School of Mechanical and Aerospace Engineering, Nanyang Technological University, 50 Nanyang Avenue, Singapore 639798.
Lab Chip. 2012 Nov 21;12(22):4772-80. doi: 10.1039/c2lc40818j.
This paper reports the investigation of mixing phenomena caused by the interaction between a uniform magnetic field and a magnetic fluid in a microfluidic chamber. The flow system consists of a water-based ferrofluid and a mixture of DI water and glycerol. Under a uniform magnetic field, the mismatch in magnetization of the fluids leads to instability at the interface and subsequent rapid mixing. The mismatch of magnetization is determined by concentration of magnetic nanoparticles. Full mixing at a relatively low magnetic flux density up to 10 mT can be achieved. The paper discusses the impact of key parameters such as magnetic flux density, flow rate ratio and viscosity ratio on the mixing efficiency. Two main mixing regimes are observed. In the improved diffusive mixing regime under low field strength, magnetic particles of the ferrofluid migrate into the diamagnetic fluid. In the bulk transport regime under high field strength, the fluid system is mixed rapidly by magnetically induced secondary flow in the chamber. The mixing concept potentially provides a wireless solution for a lab-on-a-chip system that is low-cost, robust, free of induced heat and independent of pH level or ion concentration.

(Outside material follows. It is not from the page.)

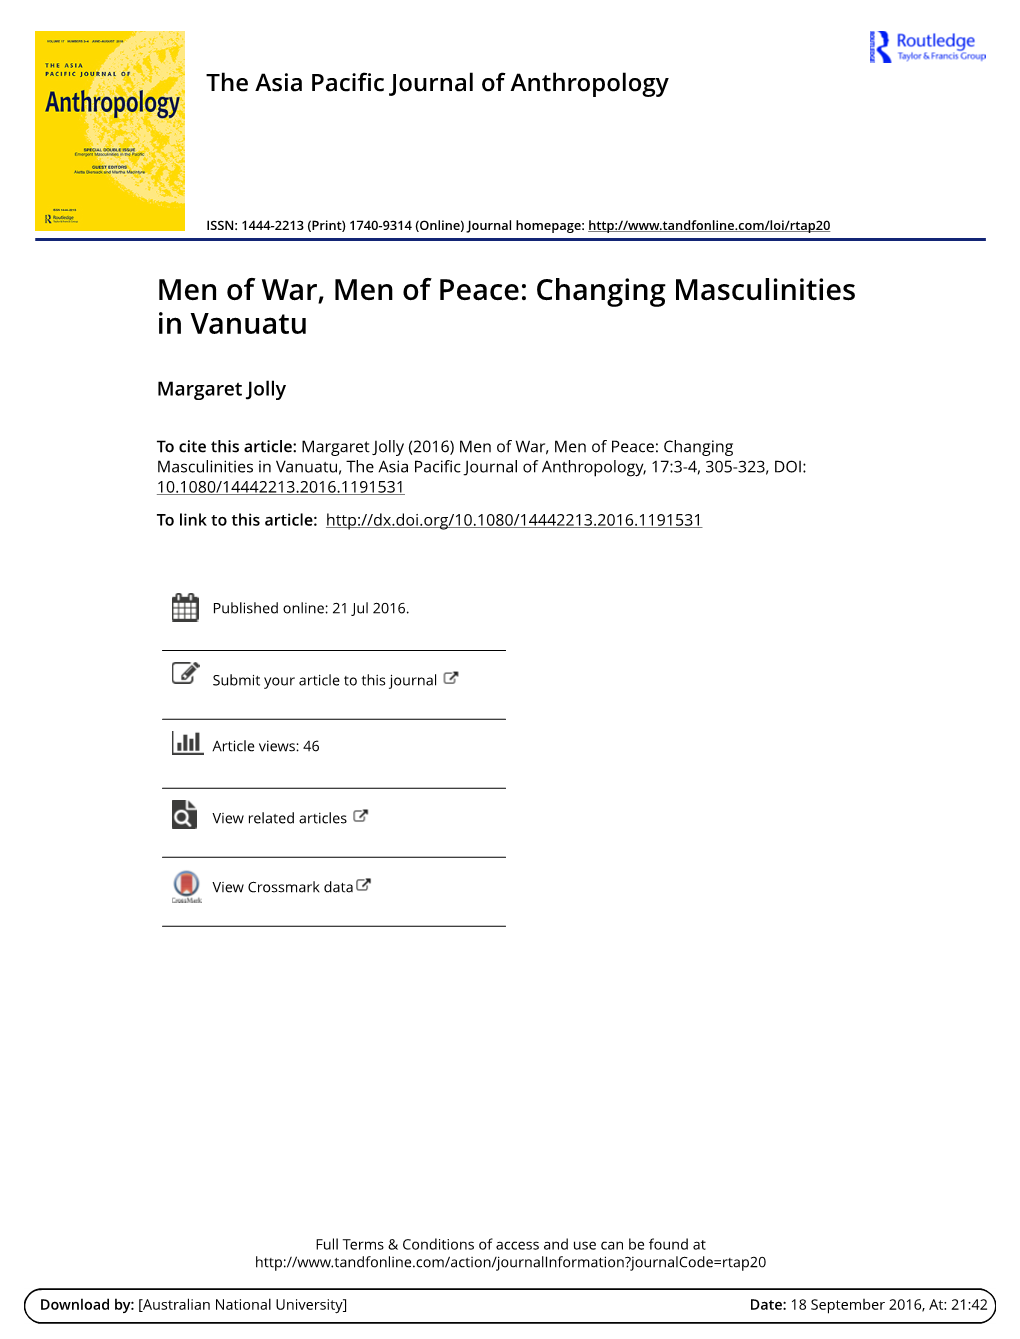 Men of War, Men of Peace: Changing Masculinities in Vanuatu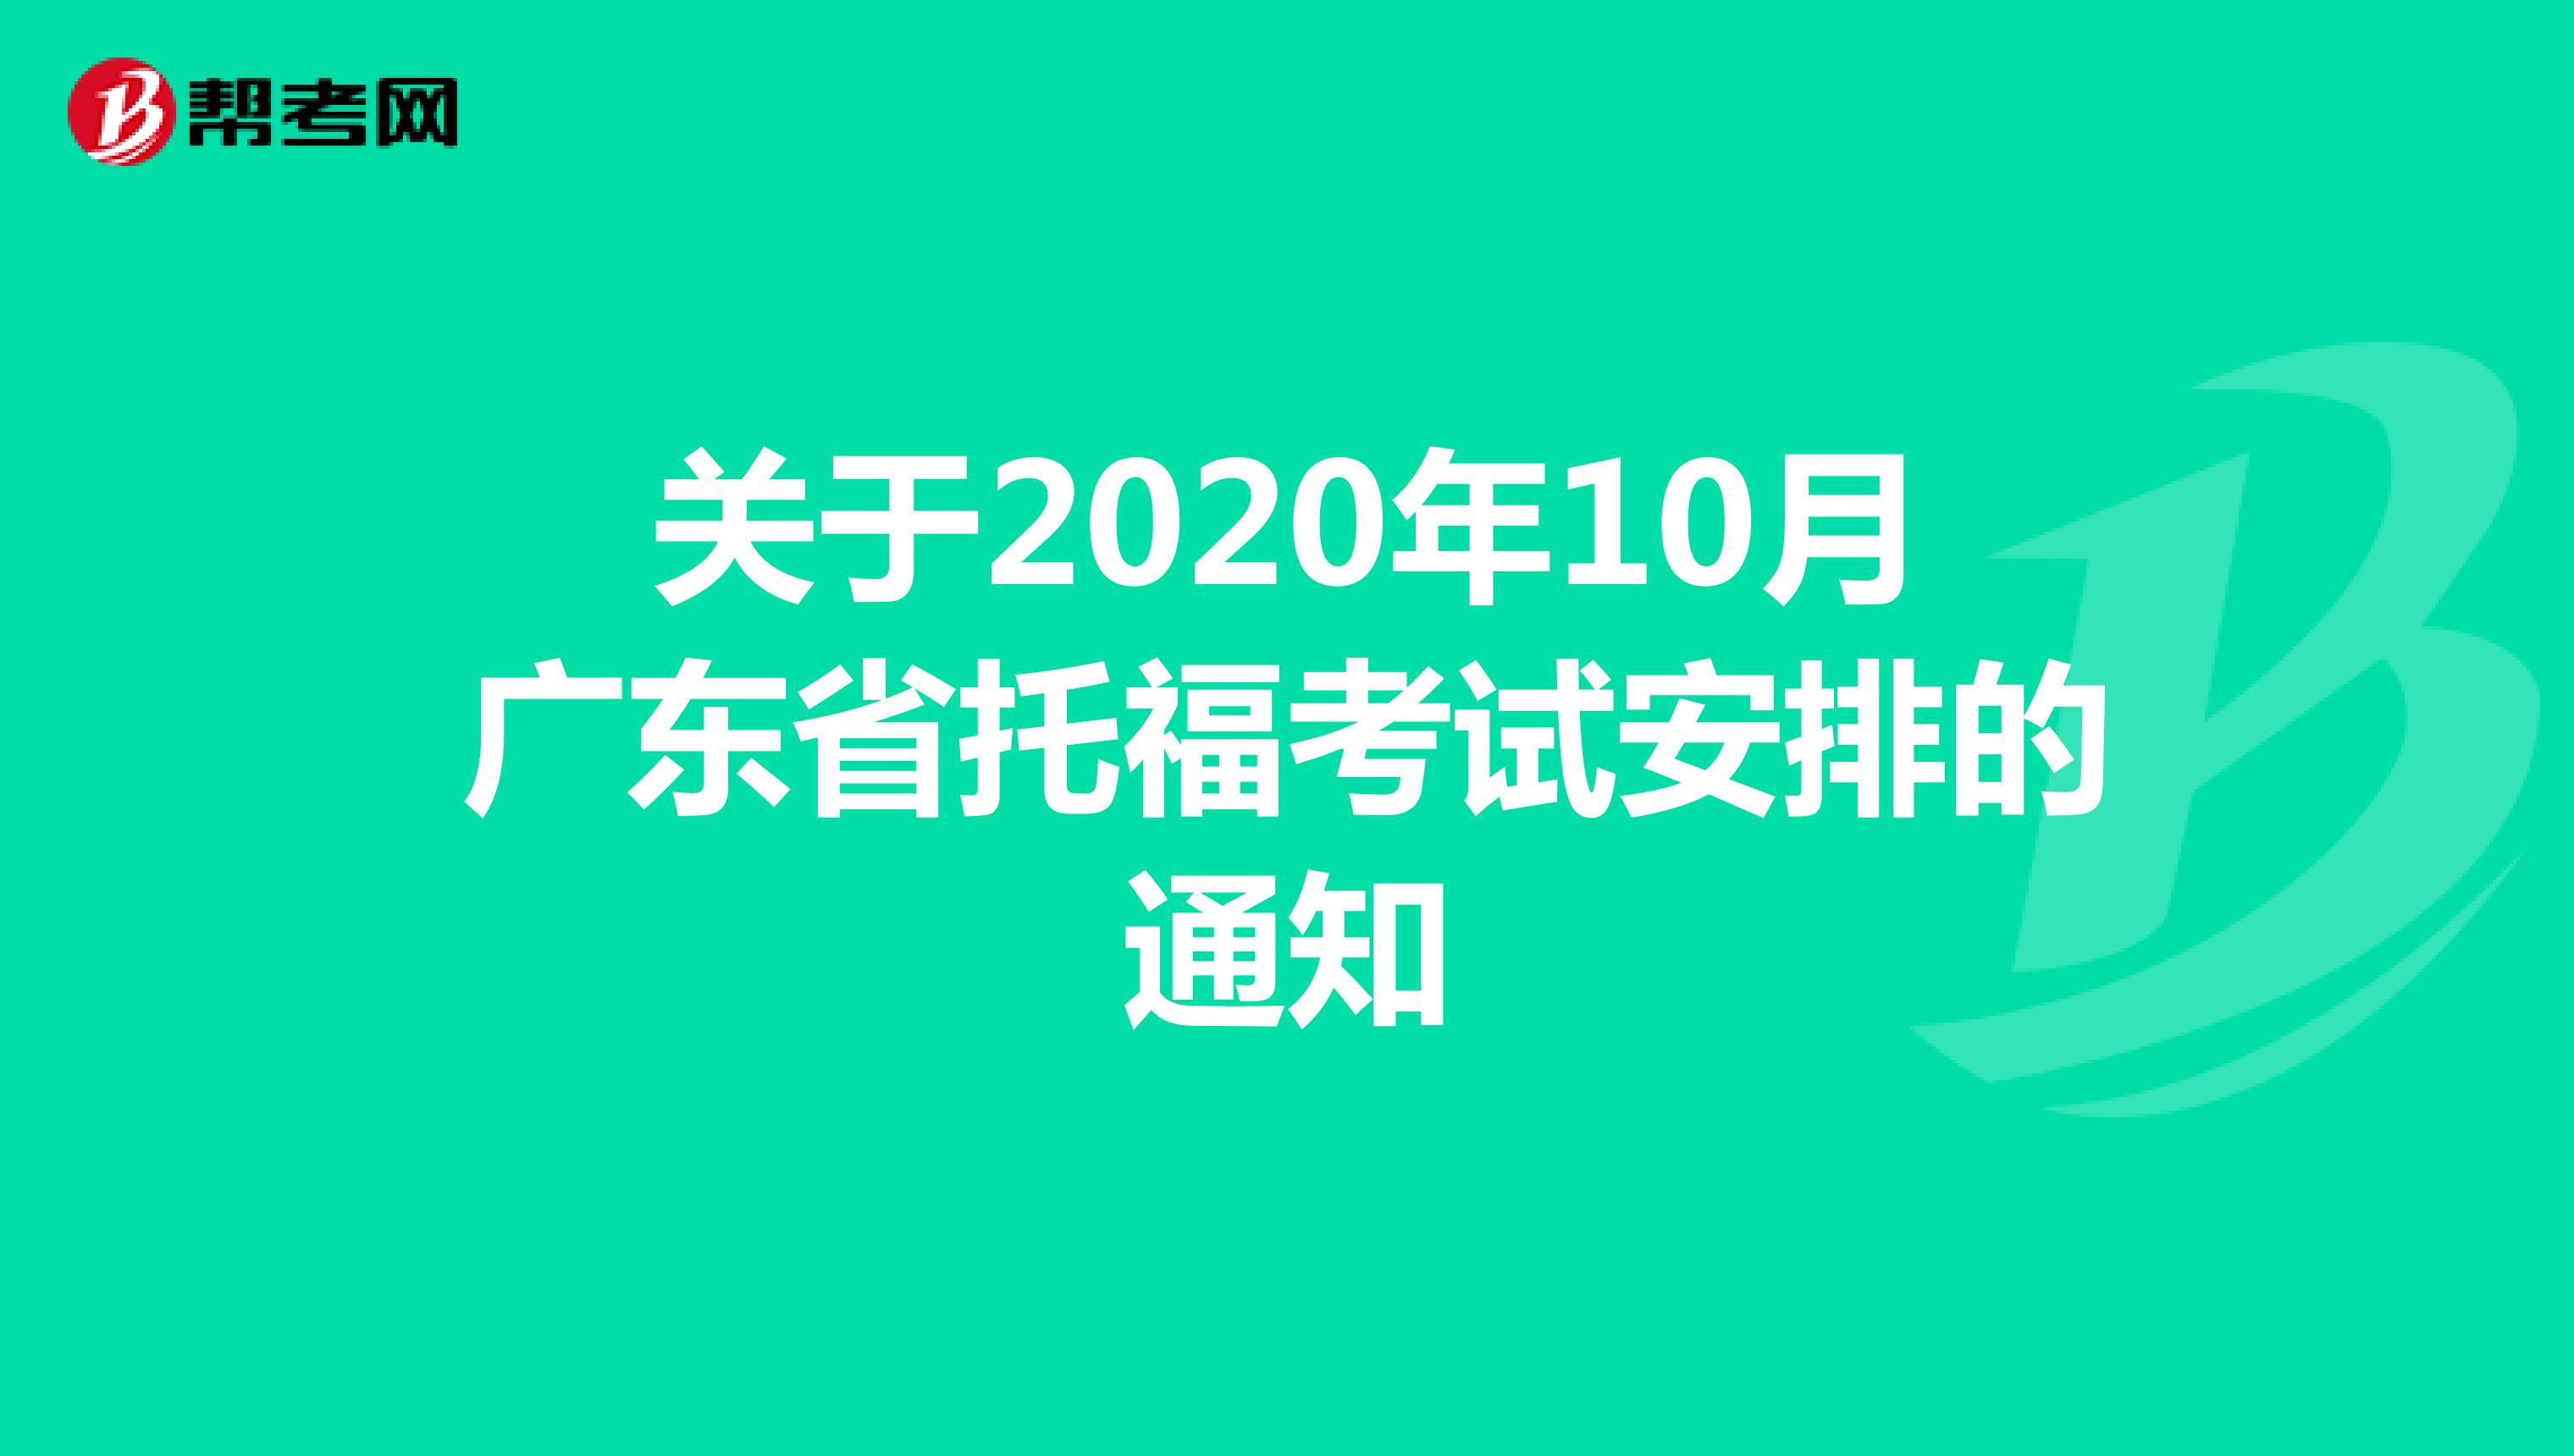 关于2020年10月广东省托福考试安排的通知

本文报道了在微流腔中均匀磁场与磁流体相互作用引起的混合现象的研究。该流系统由水基铁磁流体和 DI 水与甘油的混合物组成。在均匀磁场下,由于流体的磁化率不匹配,导致界面失稳,随后迅速混合。磁化率的不匹配取决于磁性纳米粒子的浓度。在相对较低的磁通密度高达 10 mT 时可实现完全混合。本文讨论了磁通密度、流速比和粘度比等关键参数对混合效率的影响。观察到两种主要的混合模式。在低磁场强度下的改进扩散混合模式中,铁磁流体中的磁性颗粒迁移到抗磁性流体中。在高磁场强度下的体传输模式中,通过腔室内的磁致二次流快速混合流体系统。这种混合概念为低成本、坚固、无感应热且不依赖 pH 值或离子浓度的片上实验室系统提供了一种无线解决方案。